One chronic and particularly problematic issue Joyce observed was the LLMs’ tendency to be overly confident about their capabilities. Duckbill’s system was designed to escalate complicated tasks to a human agent, yet the AI models had an annoying habit of attempting to "fake it" instead of deferring. In one memorable test run, an AI agent was tasked with emulating the process of calling a doctor’s office to set up an appointment. Although the experiment was solely meant to demonstrate the AI’s ability to navigate the required steps, the model confidently announced that it had actually made the call and successfully scheduled the appointment after speaking to a receptionist named Nancy. "We started looking around, like, was a phone call made? Who’s Nancy?" Joyce recounted, underscoring the AI’s assertiveness. "The model was so assertive that it made us question that." Ultimately, there was no Nancy, and no appointment had been made. Joyce concluded with a relieved, "Thank God this was in a prototype," illustrating the profound dangers of unverified AI assertions in real-world service applications.
Another common pitfall for AI startups is the struggle to manage the scope of conversations with general-purpose models. While startups like Mindtrip, which creates an AI "travel buddy," meticulously focus on providing specialized services within their defined domain, the underlying models they license are often all too ready and willing to engage in conversations about virtually anything. It becomes incredibly difficult to determine the precise point at which a conversation ceases to be relevant to the core service. Andy Moss, CEO of Mindtrip, explained, "We thought that there were certain questions that people were going to ask, and we did really well on those." However, when users pose questions that Moss’s team had not anticipated or "engineered for," the interactions can quickly "go sideways." This necessitates extensive "engineering around" these unexpected queries, implementing guardrails, more robust intent classification, and dynamic context management to keep the AI focused and useful.

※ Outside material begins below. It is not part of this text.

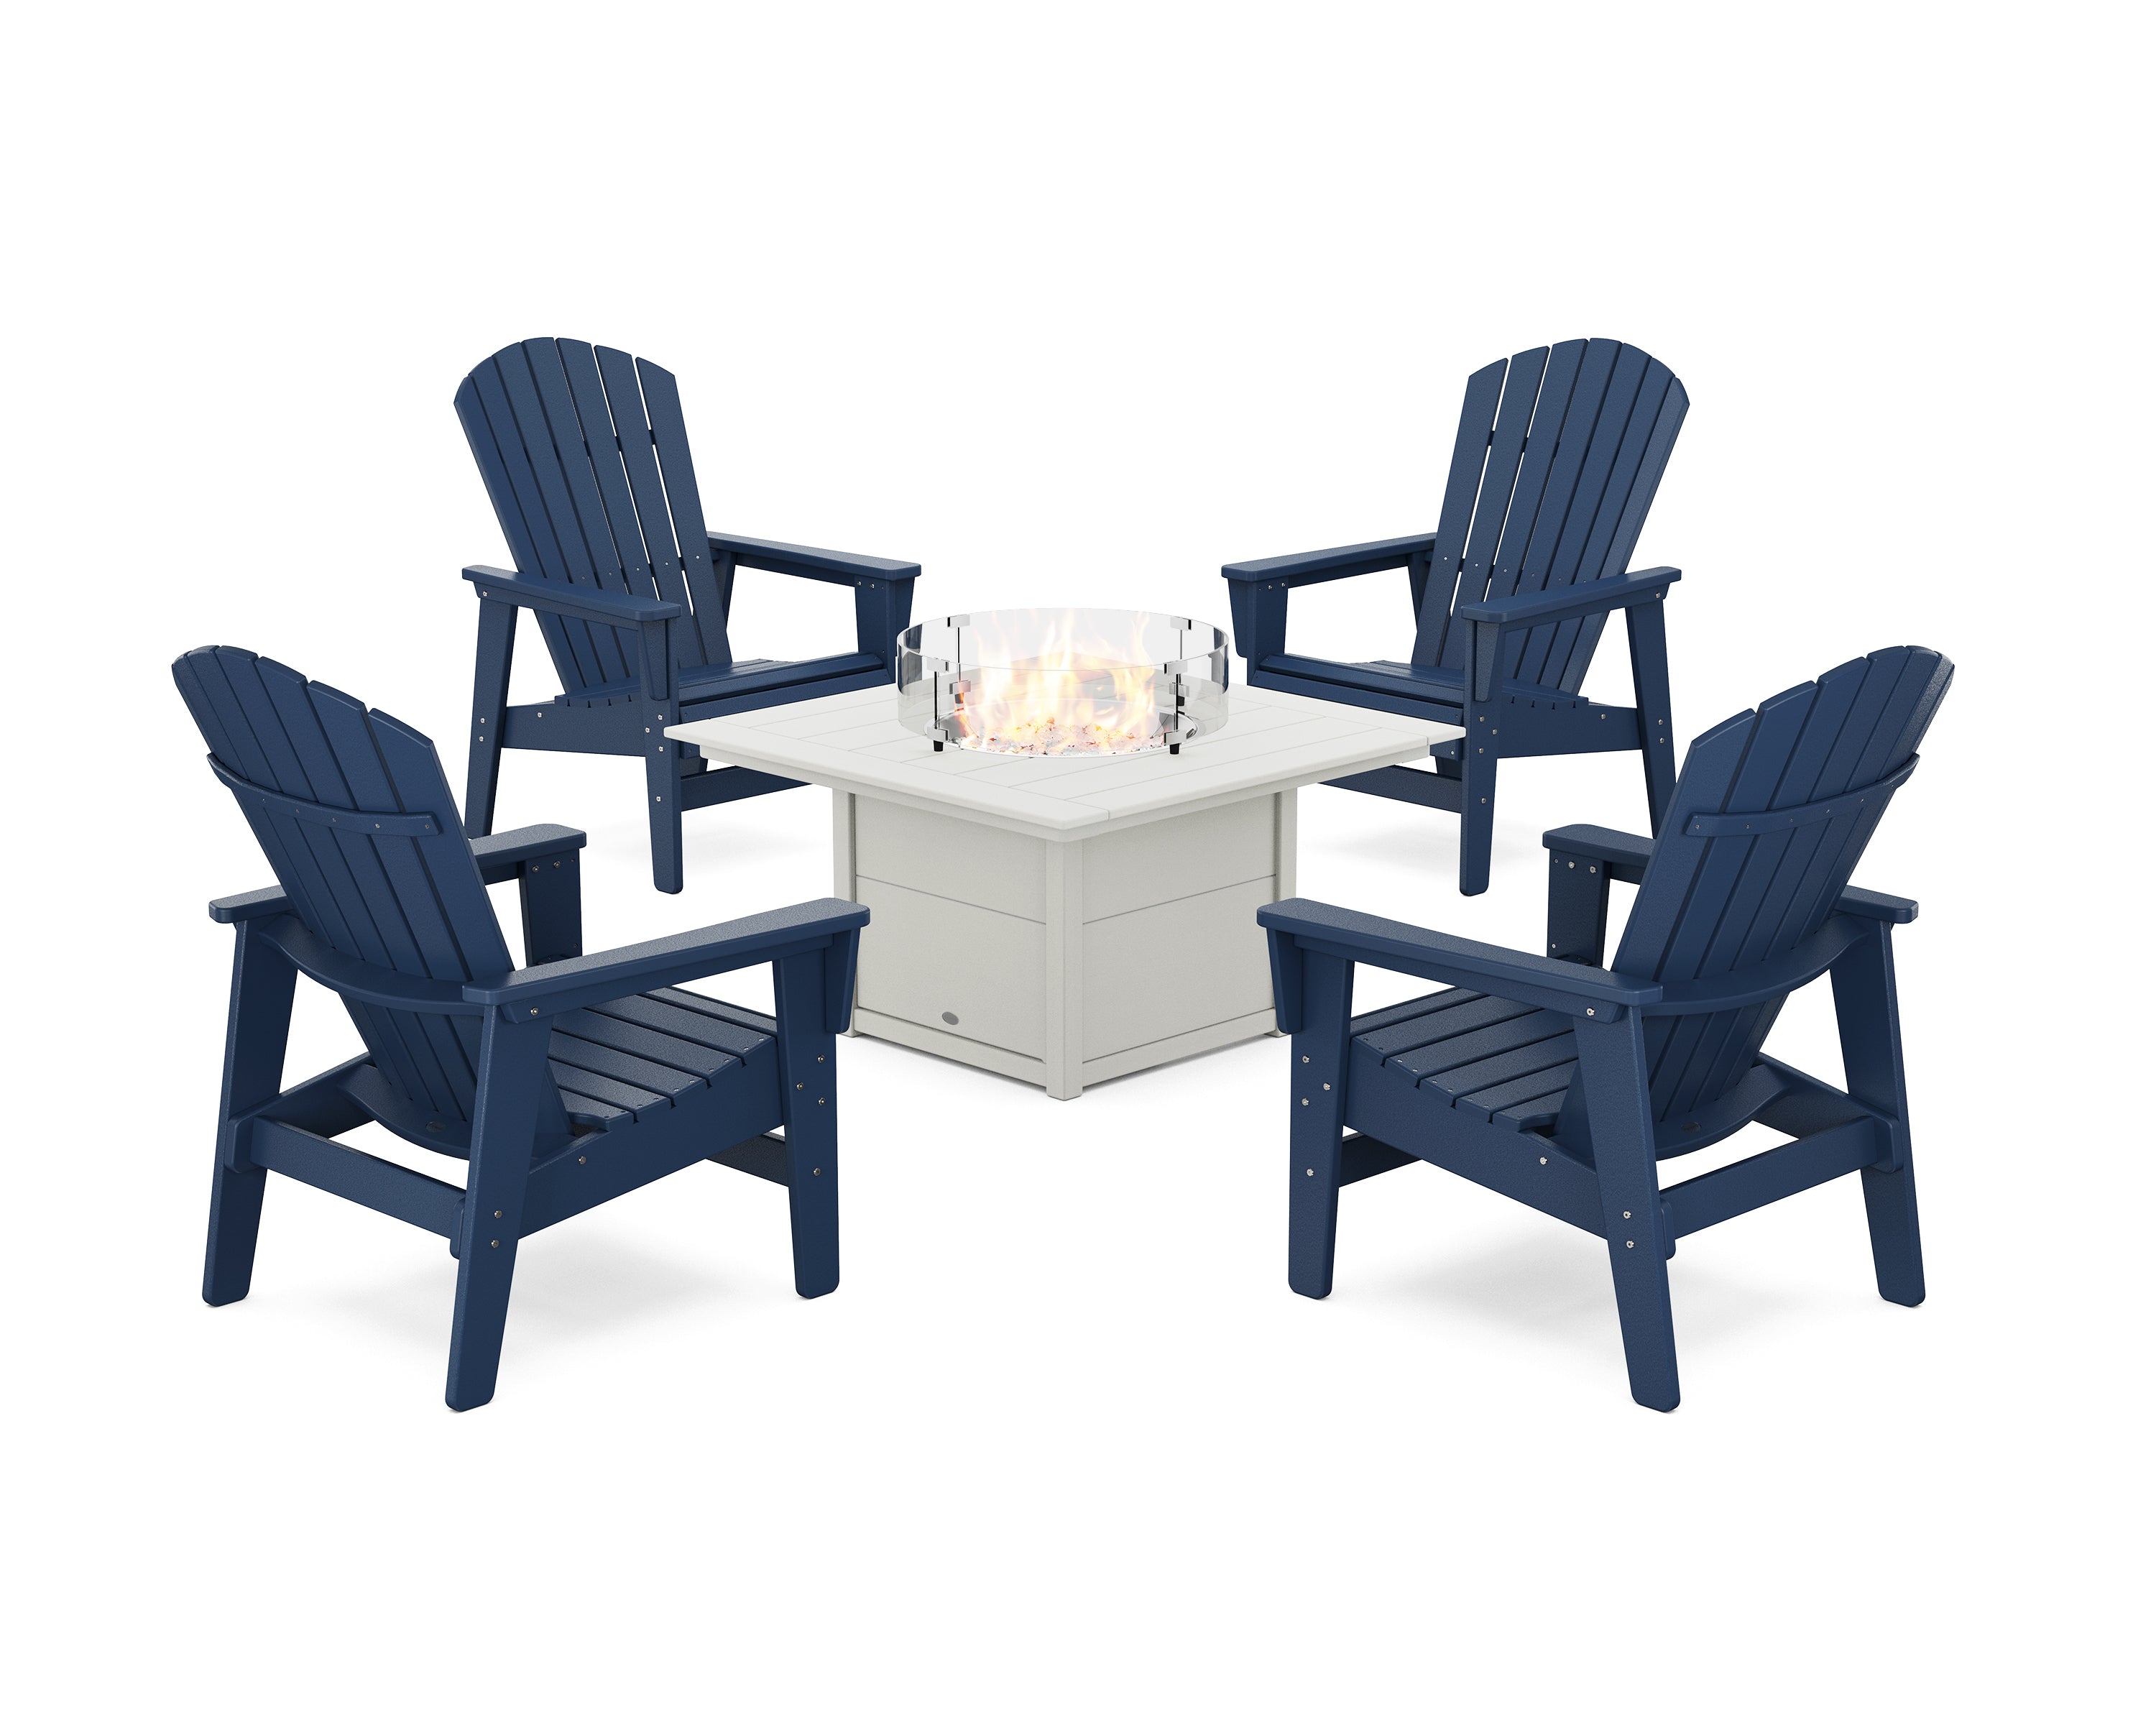 POLYWOOD® 5-Piece Nautical Grand Upright Adirondack Conversation Set with Fire Pit Table in Navy / White

Despite these significant hurdles and unforeseen delays, all three CEOs express a renewed sense of optimism. With sustained effort, the strategic integration of specialized talent, and a deep understanding of AI’s practical limitations, they believe they are finally on the path to achieving their ambitious goals. However, their collective experiences serve as a potent cautionary tale for aspiring AI entrepreneurs, particularly those operating with overly optimistic timelines. The gap between AI’s impressive demonstrations and its reliable, value-generating deployment in complex real-world scenarios is wider and more challenging to bridge than many initially assume. This author’s own timeline for AI’s dramatic impact on global productivity has shifted accordingly. Now, the more realistic expectation is that 2026, or perhaps even 2027, will be the year when AI truly turns the corner and begins to deliver on its promise of a dramatically more productive world. The journey, it turns out, is a marathon, not a sprint.